Les statuts de l'agence Magnum sont tout à la fois remarquables, rigoureux et ouverts. On dit qu'ils sont été écrits par David Seymour, un Hongrois, à New York, en 1947. Ils sont d'une grande intelligence : liberté et contrainte du photographe, tout un chapitre ! »

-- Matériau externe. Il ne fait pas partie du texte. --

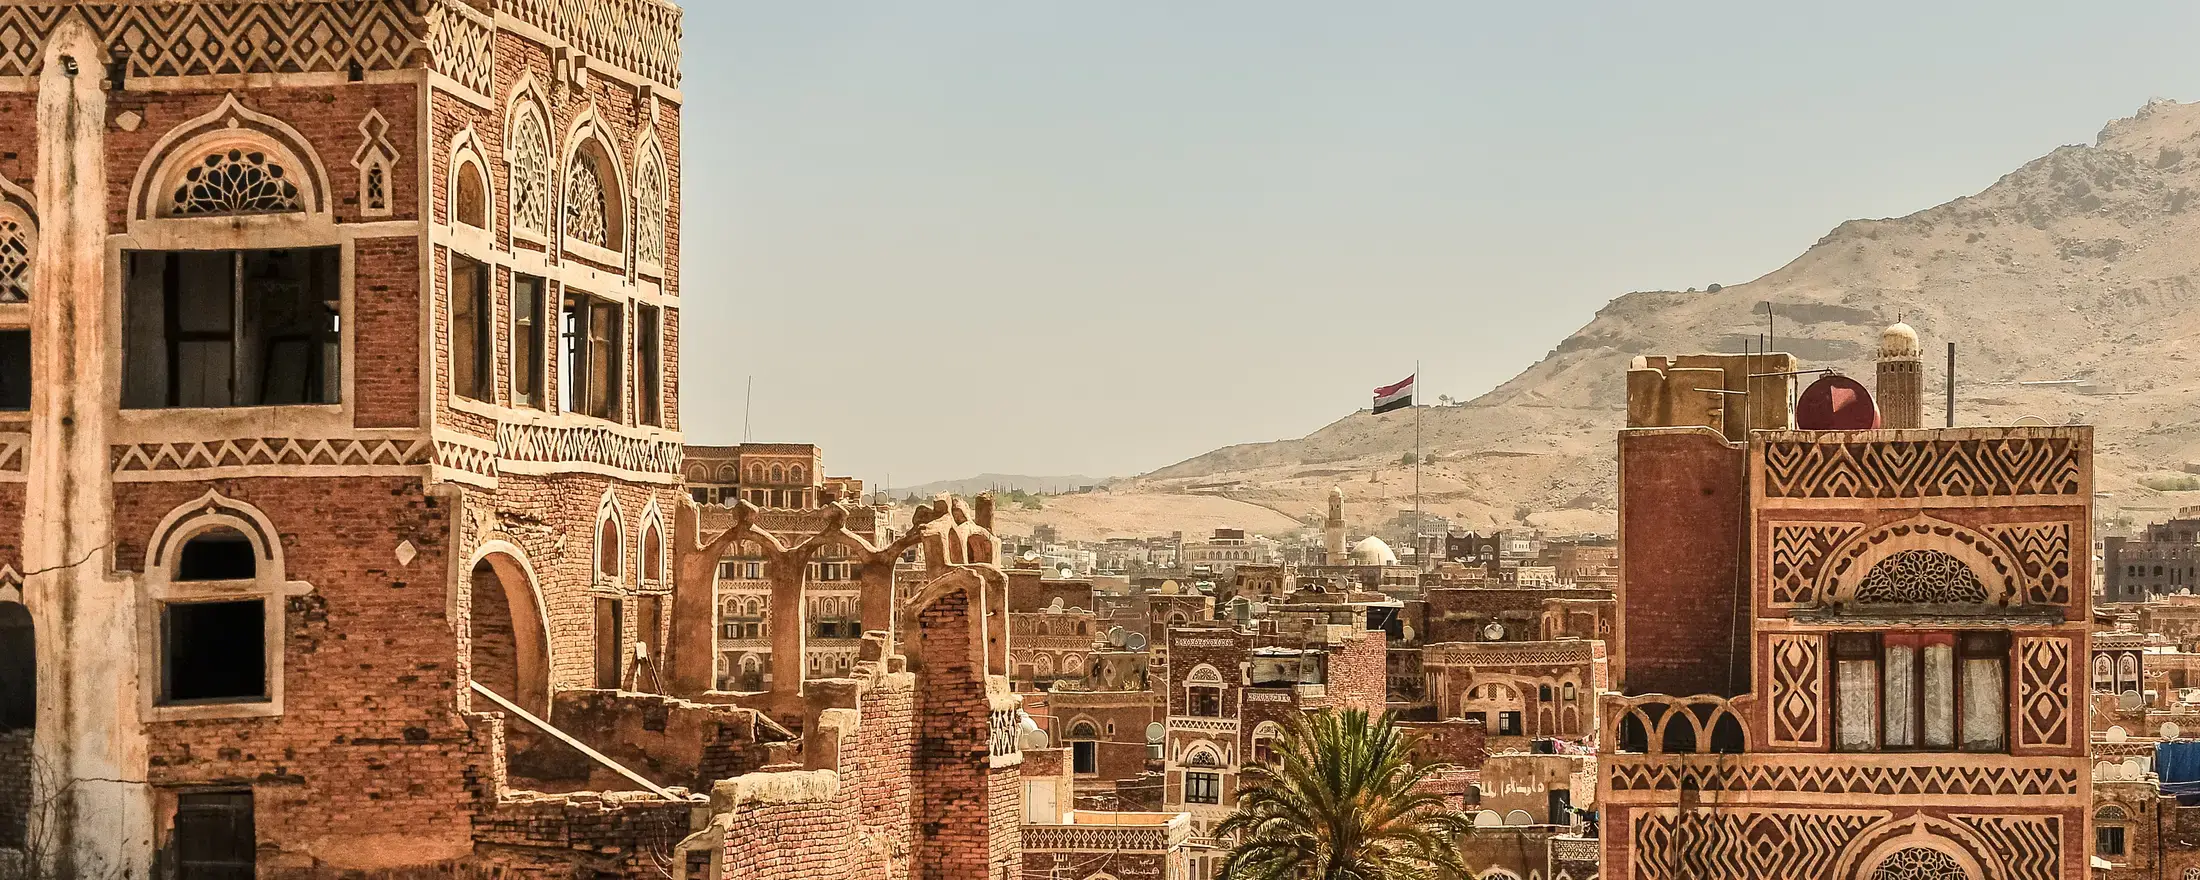 Architecture in Yemen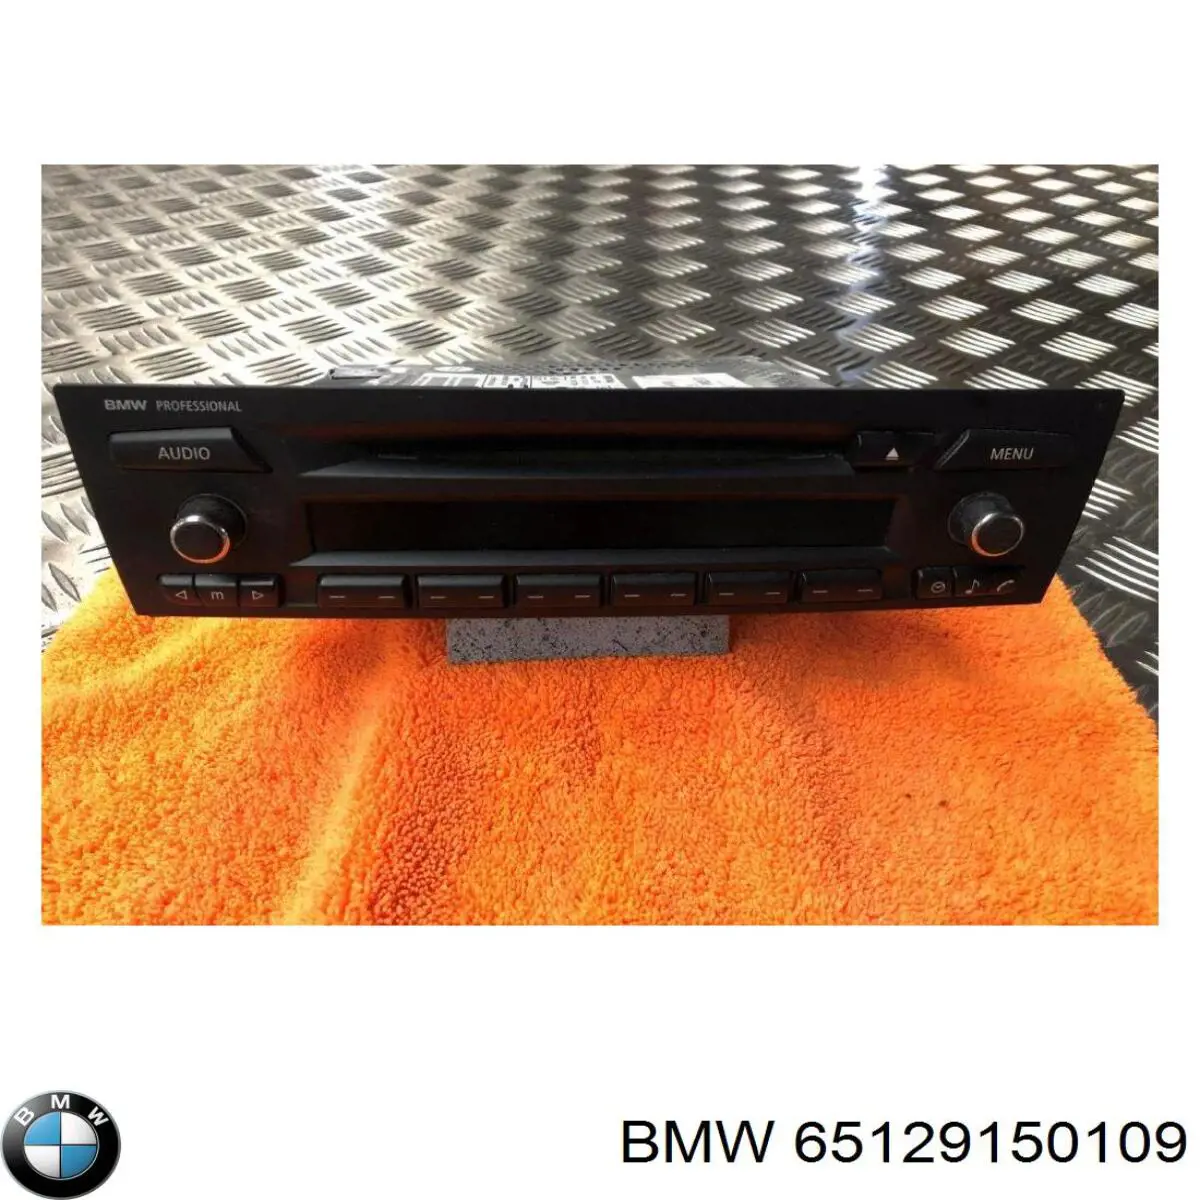 65129132216 BMW radio (radio am/fm)

— Raymond Depardon, in Paris Journal,
(ici sous une image de 1998)
Hazan 2004, p. 306


Dans le grand volume de plus de 500 pages, des planches, des mots et des agrandissements de Henri Cartier-Bresson, Robert Capa, David Seymour, Eve Arnold, Werner Bischof, Elliott Erwitt, Guy Le Querrec, Marc Riboud, Cornell Capa et de nombreux autres, par ordre chronologique de 1933 à 2010... Pas une page sur Sergio Larrain, hélas. Mais ce livre est un festin pour les yeux et l'esprit. Attention à l'indigestion ! Je dévore et savoure des pleines pages de films Agfa (Cartier-Bresson en Espagne dans les années 1930), de Plus-X et de Tri-X, d'Ilford "Hypersensitive" HP3. Un monde disparu dont les images vives vous sautent au visage.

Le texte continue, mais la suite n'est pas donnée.